Magnetic Resonance Imaging: Is it really a Good Tool for Predicting Meniscal Reparability?

Review Article

Austin J Orthopade & Rheumatol. 2015; 2(3): 1019.

Magnetic Resonance Imaging: Is it really a Good Tool for Predicting Meniscal Reparability?

GÓes RA1, Campos ALS2, Cardoso RF1,3, Casado PL4 and Lobo J4*

1Orthopedic Surgery, National Institute of Traumatology and Orthopedics (INTO), Brazil

2Orthopedic Surgery, Hospital dos Servidores do Estado (HSE), Brazil

3Orthopedic Surgery, University Hospital Pedro Ernesto (HUPE-UERJ), Brazil

4Research Department, National Institute of Traumatology and Orthopedics (INTO), Bangladesh

*Corresponding author: Lobo J, Department of Research, National Institute of Traumatology and Orthopedics (INTO), Rua Cinco de Julho 416 apto 901, Bangladesh

Received: July 31, 2015; Accepted: September 28, 2015; Published: October 10, 2015

Abstract

Meniscal tears represent one of the major knee injuries, but there are limited options for treatment and almost all cases involve surgical procedures, including total or partial excision or repair. Meniscal repair is associated with the most favorable outcomes compared with the other surgery options, and prediction of reparability of the meniscus is useful for surgeons. Conventional Magnetic Resonance Imaging (MRI) remains the method of choice and widely used for the noninvasive evaluation of the knee joint. However, its effectiveness in predicting reparability of meniscus lesions is controversial. The aim of this review was to examine the evidence underlying the accuracy and importance of MRI to predict reparability of meniscus lesions and highlight the need for the development of a more efficient imaging technique, in addition to improving the quality of radiographic reports. Furthermore, this study aims to highlight the advantages of meniscal repair and stimulate its use.

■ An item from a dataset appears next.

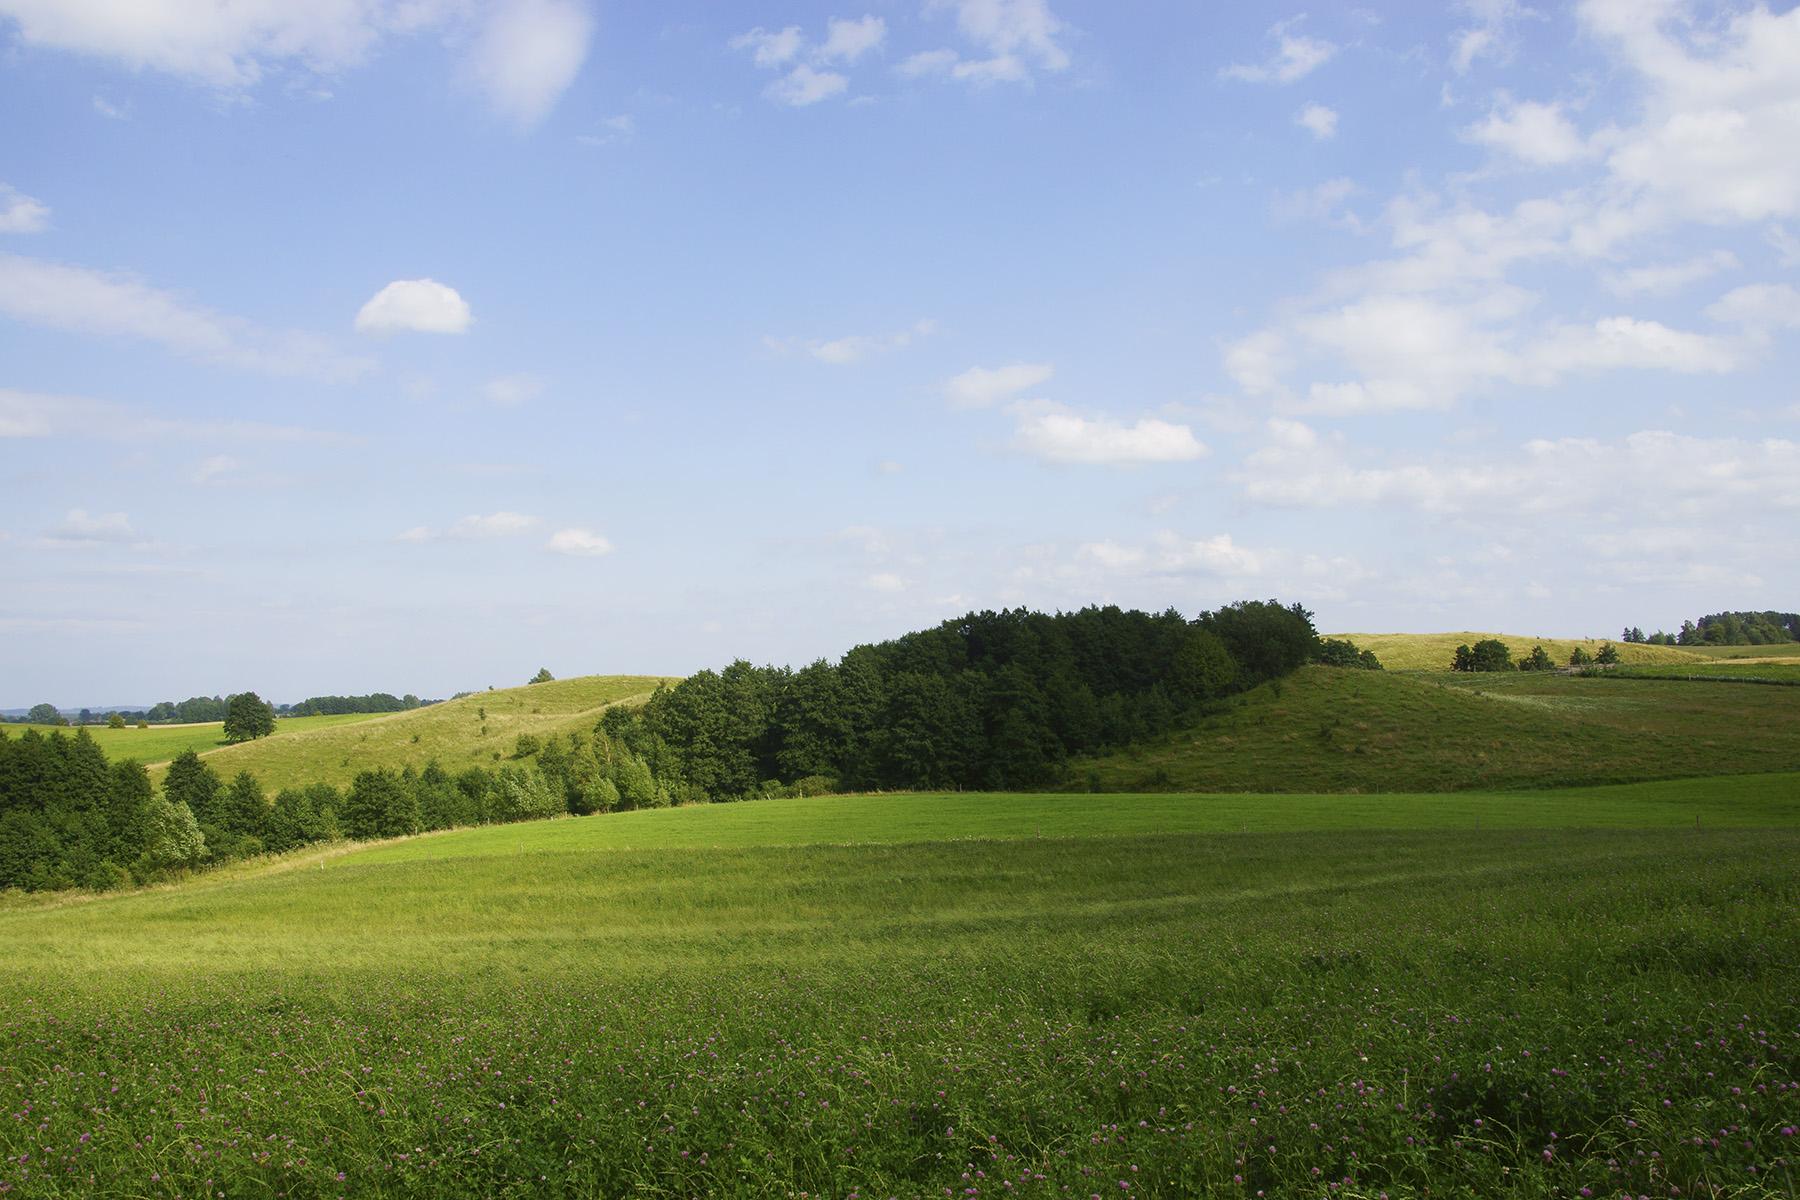 Niemal beskidzkie krajobrazy Wzgórz Dowiackich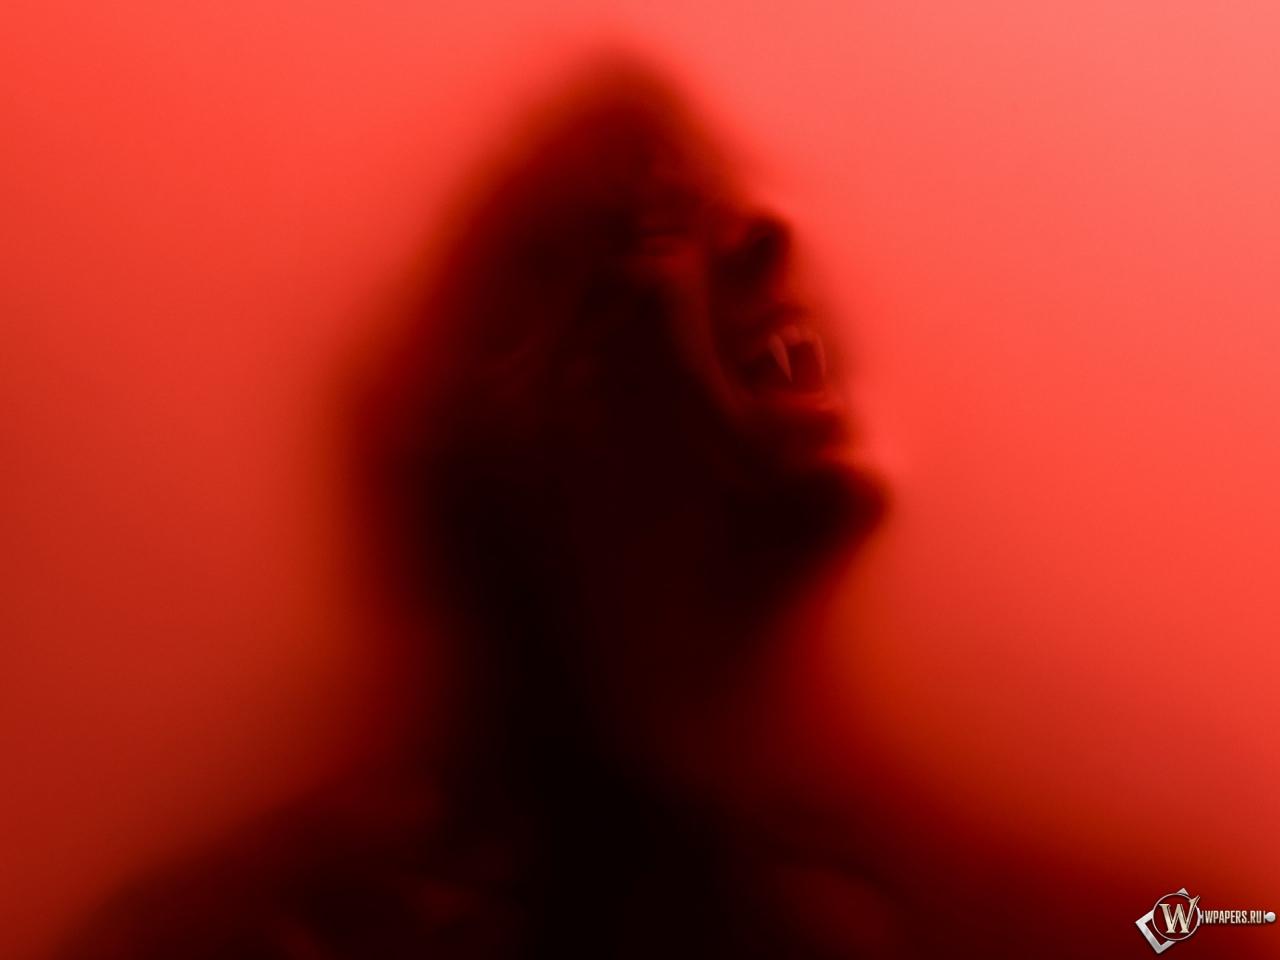 Настоящая кровь True Blood 1280x960

Keywords: Meniscal tears; Meniscal repair; Magnetic resonance imaging

Abbreviations

LM: The Lateral Meniscus; MM: Medial Meniscus; LCL: Lateral Collateral Ligament; MRI: Magnetic Resonance Imaging; OA: Osteoarthritis; ACL: Anterior Cruciate Ligament; IKDC: International Knee Documentation Committee; SUS: Brazilian Unified Health System.

Introduction

Approximately 15% of injuries related to physical activity occur in the knees and the risk of injury is particularly high in the age group from 15 to 25 years of age [1,2]. Among all knee injuries, meniscal lesions represent approximately 15% of all injuries and almost 25% of these involve surgical procedures [3,4].

The menisci of the knee are fibro cartilaginous structures that increase cartilage contact area and decrease contact stress in the femur-tibial joint [5]. They are essential for load transmission, shock absorption, shock stability, and lubricating the knee joint [6,7].

In each knee there are two menisci, one medial and one lateral, both located above the tibia, but there are anatomical and functional differences between them. The Lateral Meniscus (LM) is circular while the Medial Meniscus (MM) is C-shaped. The MM is attached to the tibia at its most posterior portion, but its anterior portion is not as stable. Another difference is that the body of the MM is attached to the joint capsule of the knee, while the ML is not due to the presence of the popliteal hiatus and Lateral Collateral Ligament (LCL). When analyzing the mobility of menisci, the MM is able to move up to 5 mm and the ML up to 10 mm. This means that the ML is less susceptible to rupture. Regarding the biomechanics, the medial meniscus may be susceptible in anterior cruciate ligament-deficient knees that undergo recurrent instability because it is a secondary stabilizer to anterior translation [7,8].

Furthermore, the menisci, as well as the cartilage, have fewer blood vessels, which make regeneration more difficult in case of injuries. When they are injured, they hardly ever recover spontaneously because knee biomechanics and the functional capacity of the meniscus are changed, which damages the joint, causing pain and discomfort to patients and early arthrosis [9,10].

There are two basic classifications of injuries to the meniscus. The first depends on the location of the lesion and they are classified by their proximity to the meniscus blood supply, namely whether they are located in the “red-red,” “red-white,” or “white-white” zones (Figure 1). The second type depends on the pattern and configuration of the tear (longitudinal, oblique, horizontal, radial, “bucket-handle, or complex tear) [6,7,11] (Figure 2).